Another important issue is the return value optimizatoin of C++.
http://en.wikipedia.org/wiki/Return_value_optimization (though the
article claims msvc++ supports this feature)
Yet another thing one should not forget is that a language allowing
pointers which may point to literally everywhere, pointer arithmetic
and so on really makes headaches for compiler writers. C/C++
enthusiasts often claim how fast pointers are but this is only the
case if the compiler is _really_ smart. That's why Fortran is
sometimes faster than C. And since std::string uses pointers
internally this may be the reason why msvc++ is not able to inline the
function.
Hope this helped a bit.
- Roland Leissa
OK. So it's MSVC++ specific. An interesting other combination would
maybe be MinGW/32 ... may I'll get something running and compare that.
> Are you sure you turned on all optimizations? Perhaps declaring the
> getter as
> std::string get() const {
> return s_;
> }
> helps.
Oh, I specifically *haven't* enabled all optimizations. I only have
enabled inlining, which should be sufficient for this testcase. (Well,
it appears to be with MSVC++)
> Another important issue is the return value optimizatoin of C++.
> http://en.wikipedia.org/wiki/Return_value_optimization (though the
> article claims msvc++ supports this feature)
>
RVO is there with MSVC (it always is, no matter what optimization level).
This shouldn't have any bearing on inlining vs. not inlining I guess.
> Yet another thing one should not forget is that a language allowing
> pointers which may point to literally everywhere, pointer arithmetic
> and so on really makes headaches for compiler writers. C/C++
> enthusiasts often claim how fast pointers are but this is only the
> case if the compiler is _really_ smart. That's why Fortran is
> sometimes faster than C. And since std::string uses pointers
> internally this may be the reason why msvc++ is not able to inline the
> function.
>
Well.
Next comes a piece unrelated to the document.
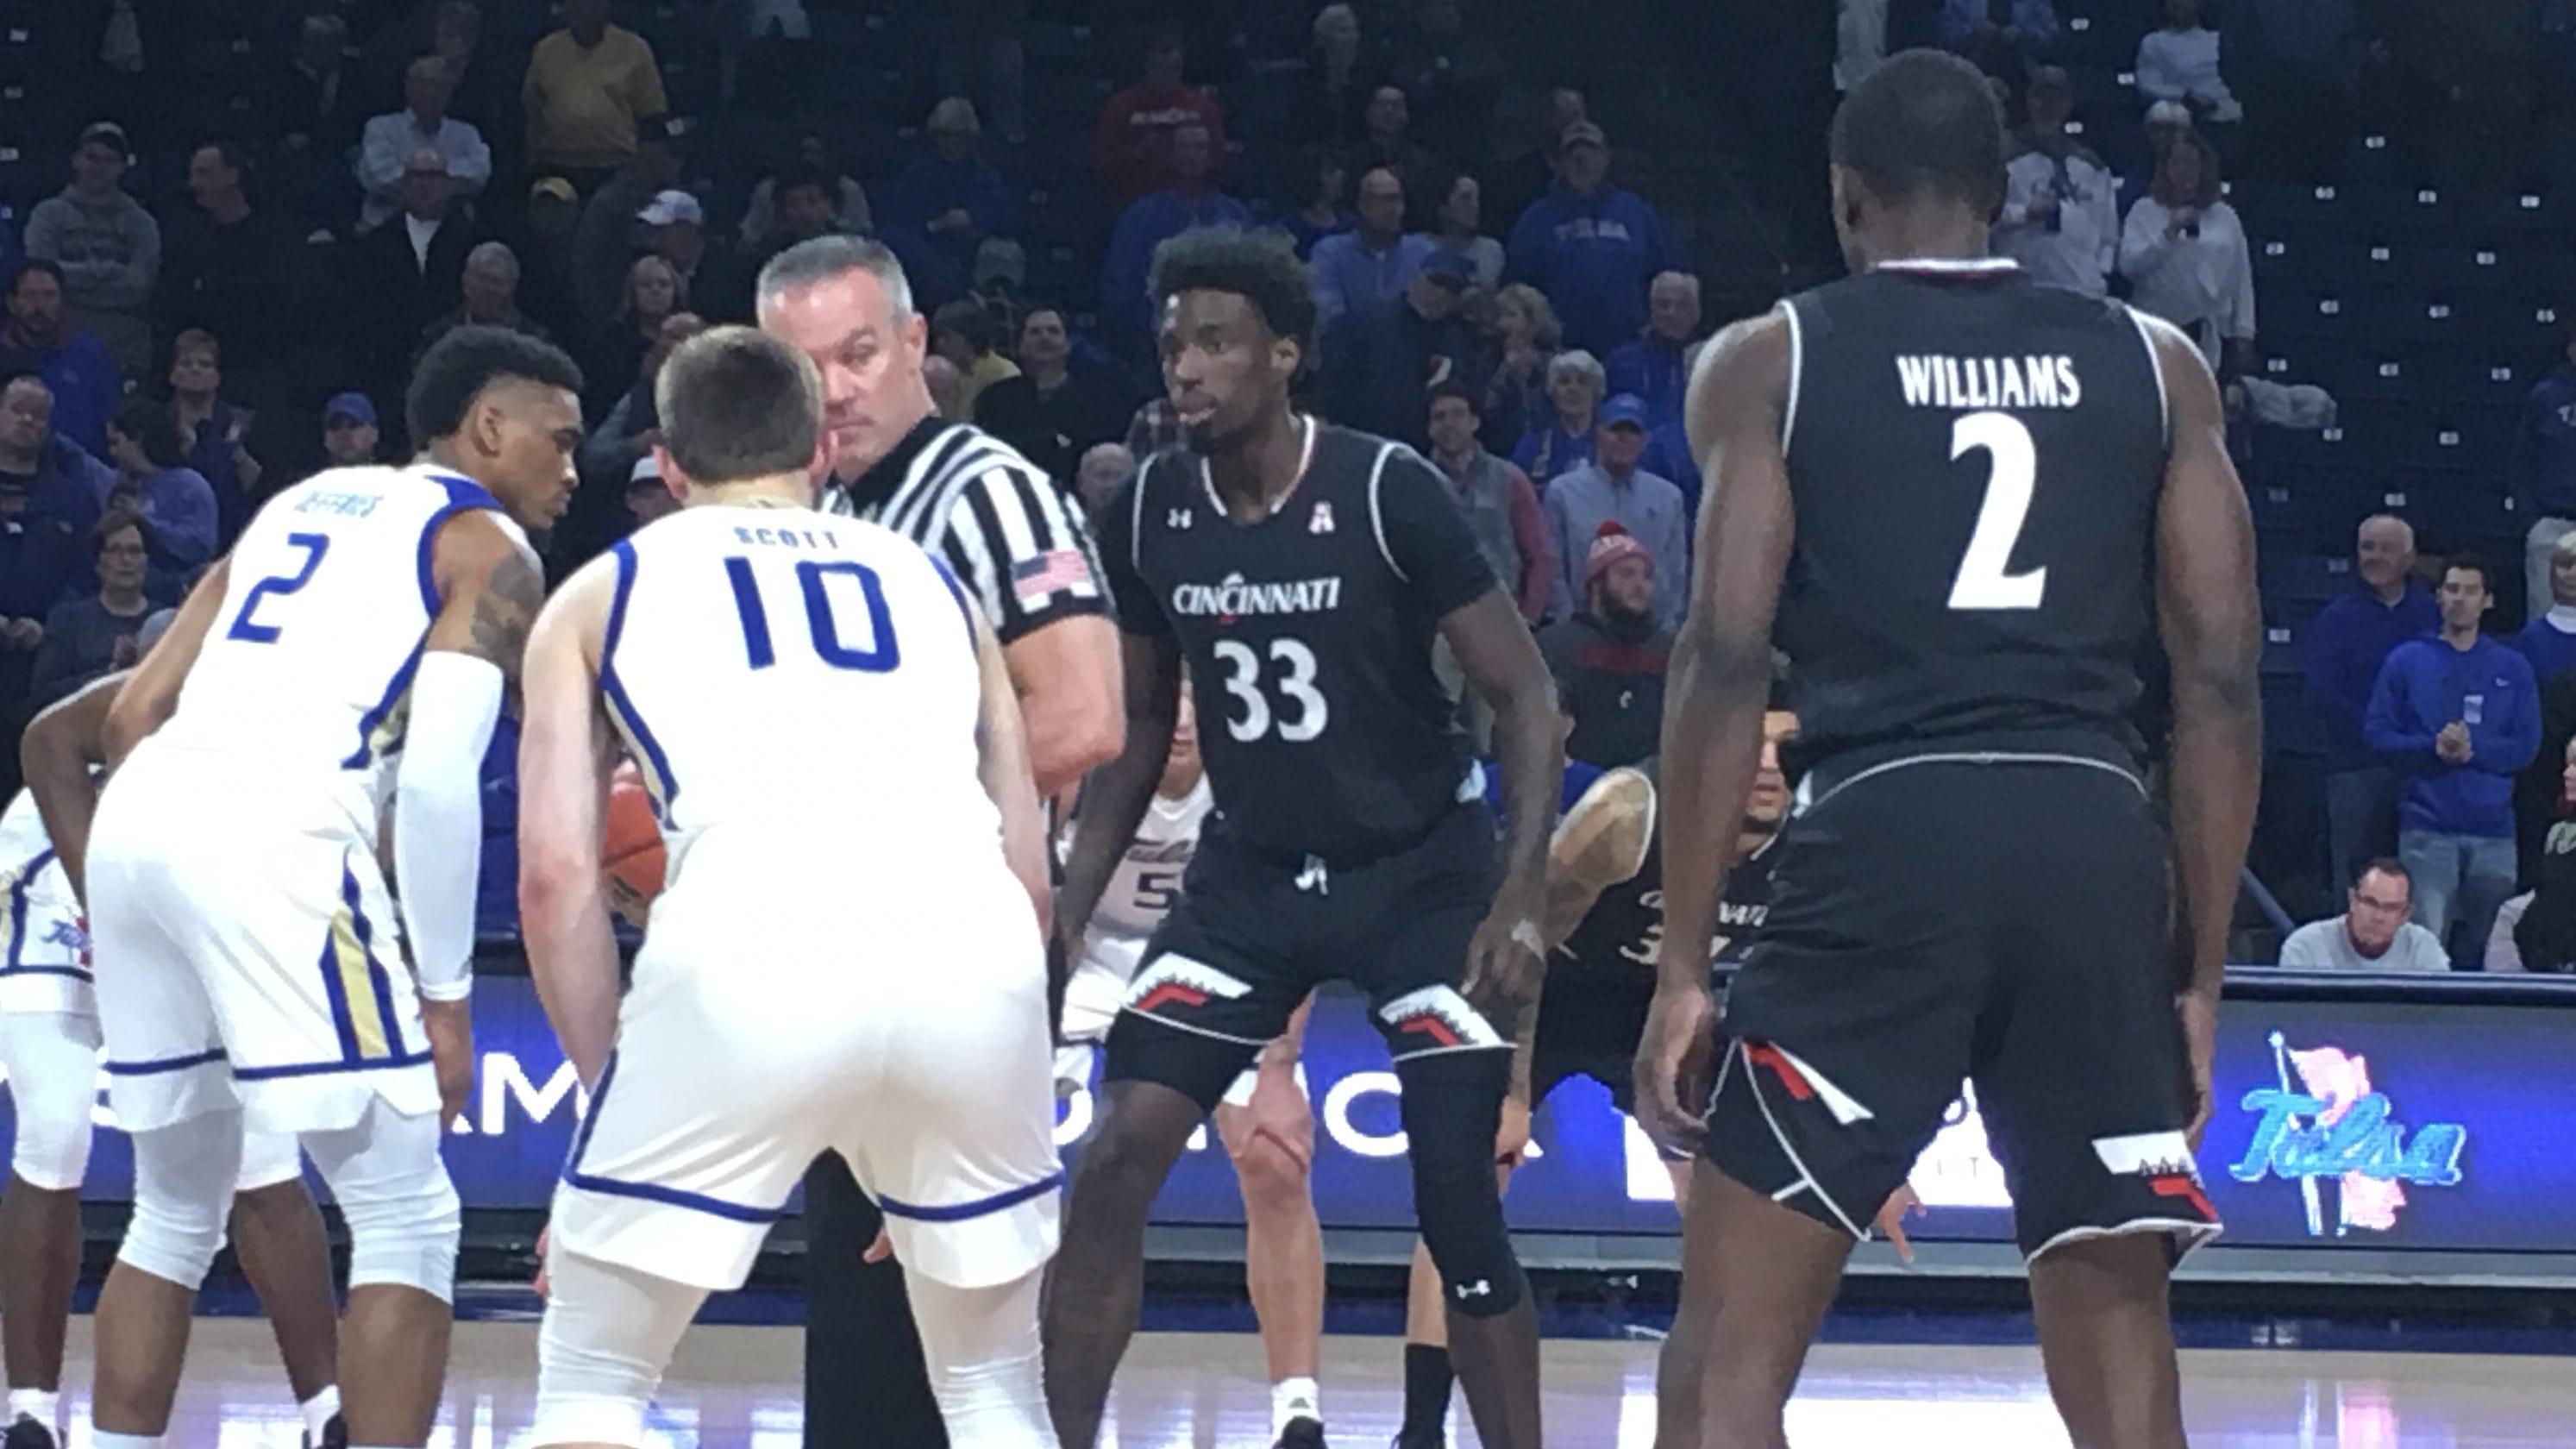 sale retailer 57a84 a0ee9 2019 UC Basketball: Bearcats win OT over Tulsa
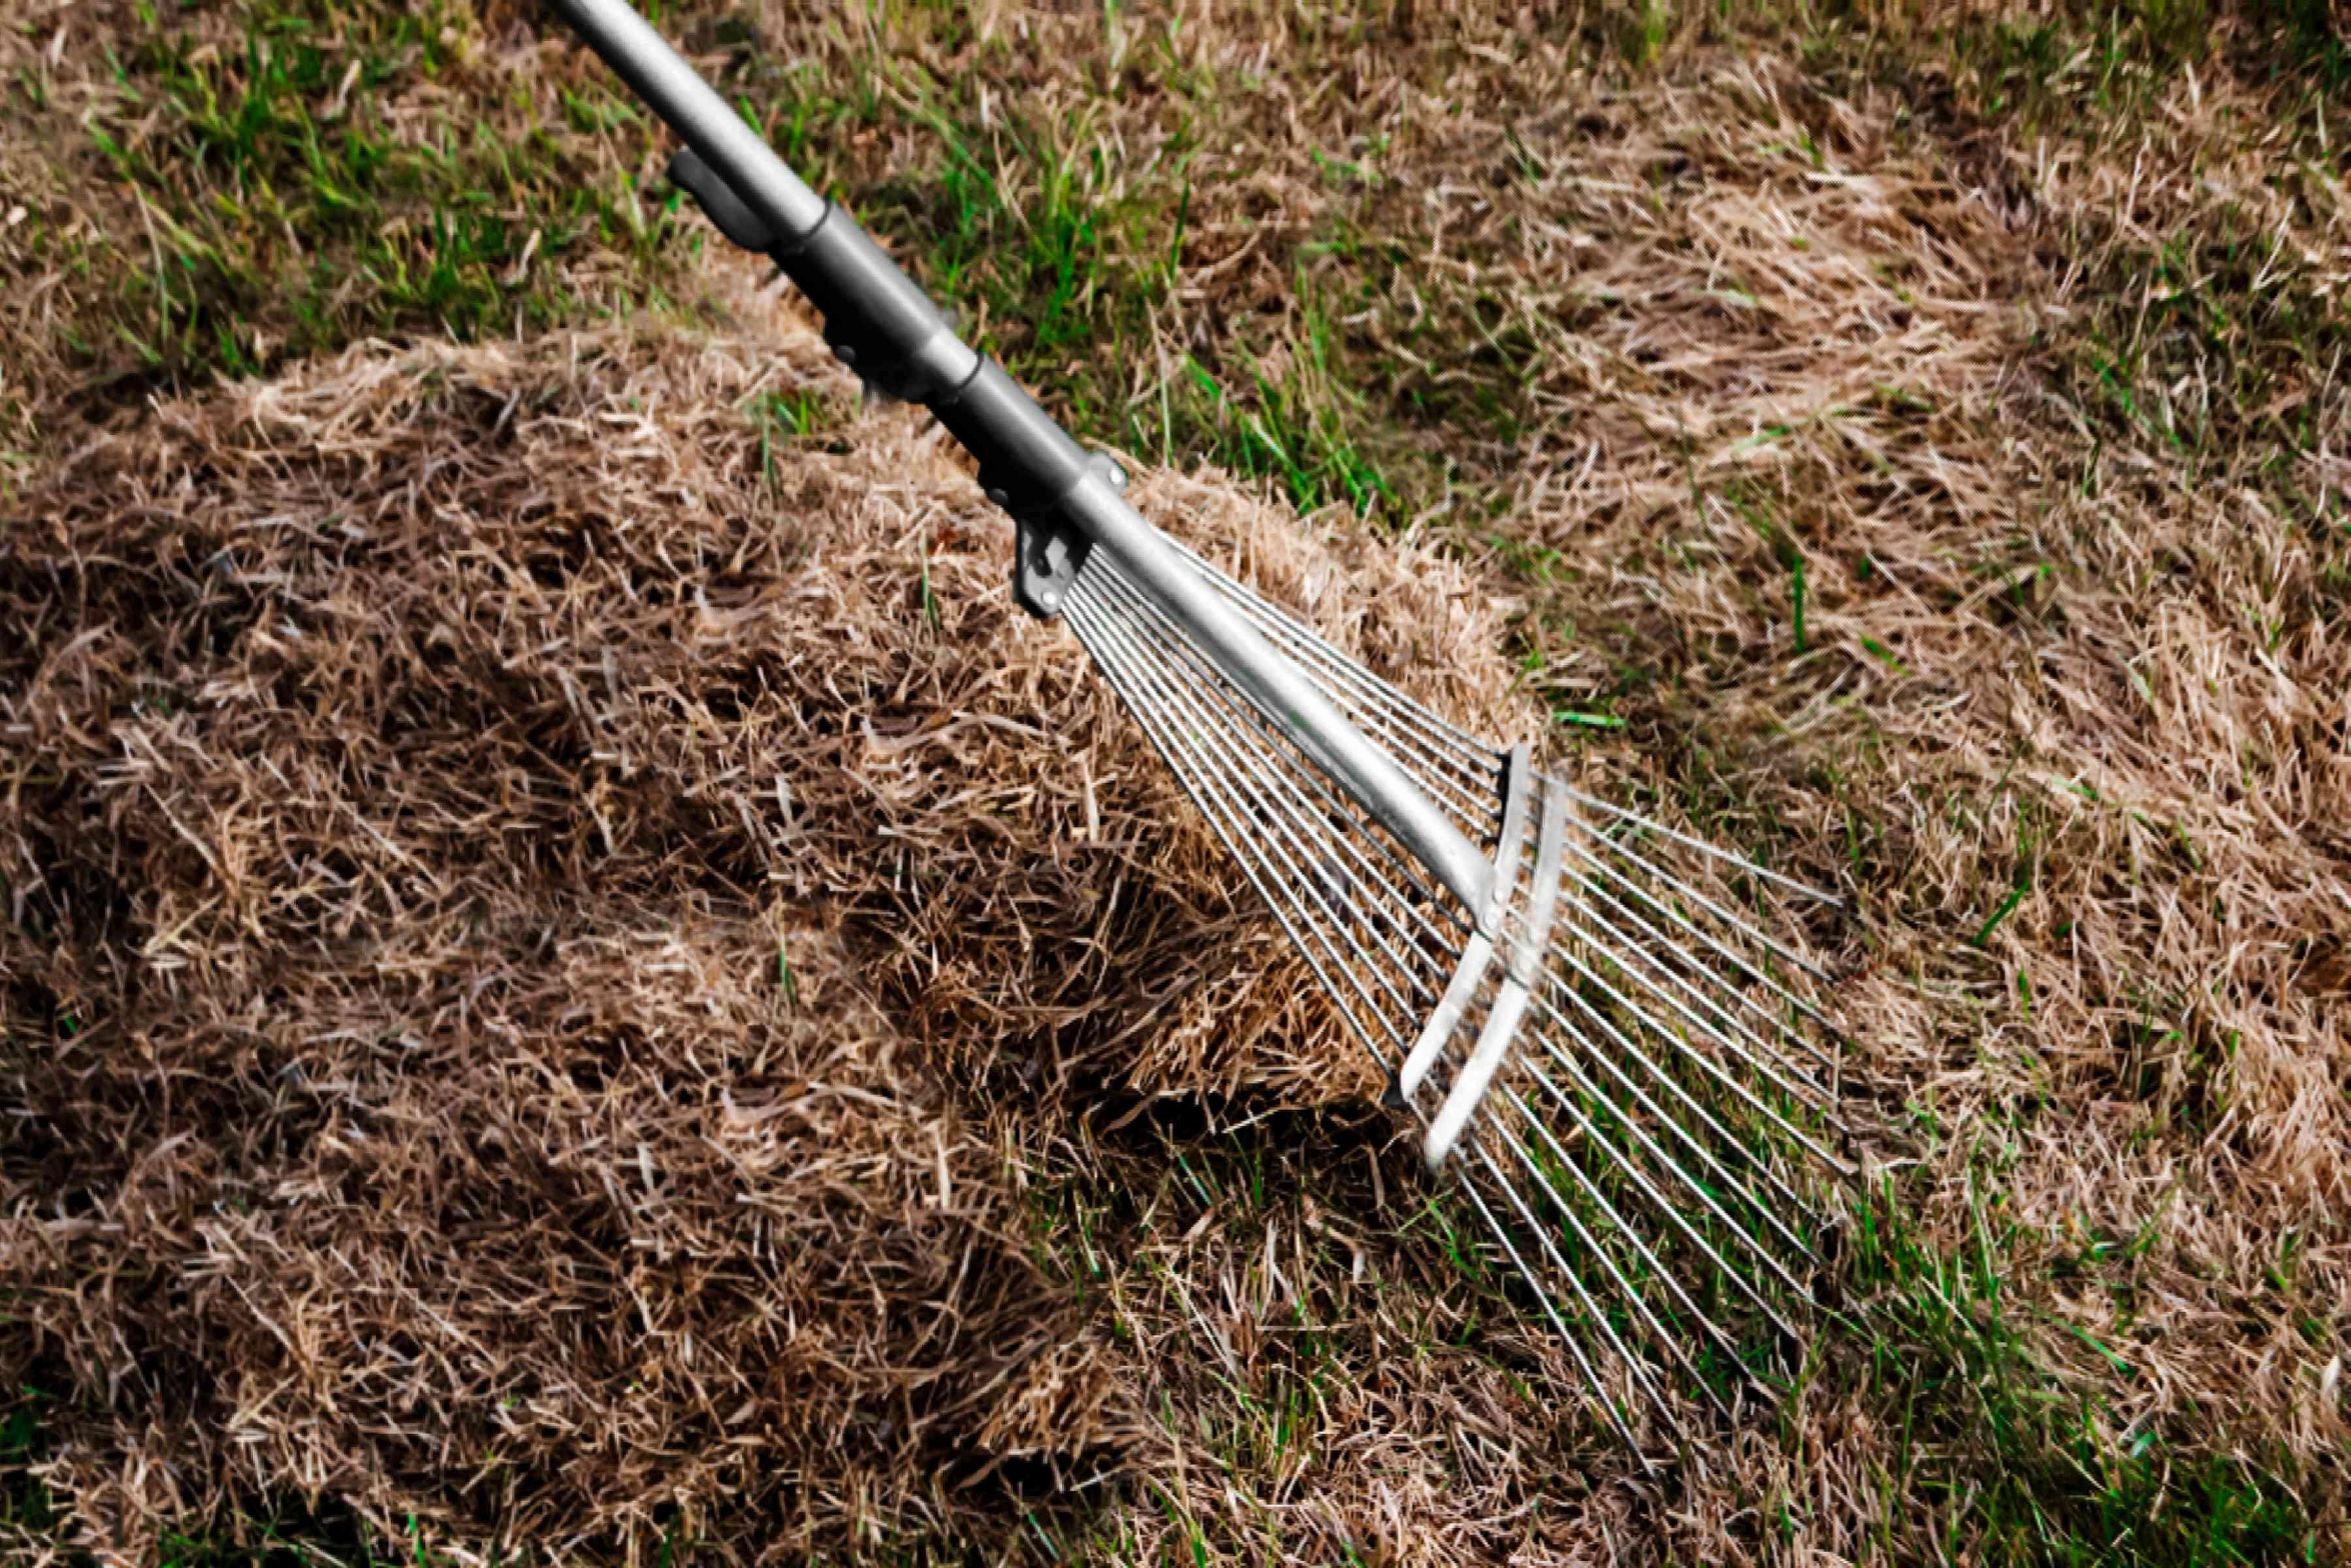 maintaining the yard

MSVC won't inline any function returning an unwindable object,
i.e. an object with a non-empty destructor, it doesn't have anything to
do with if the object has some pointer members.
The point I was making in my OP was that the generated assembly code
minus the call itself + semantics appear to be exactly the same with the
function inlined vs. not inlined, so it strange that MSVC++ will never
inline such functions.
cheers,
Martin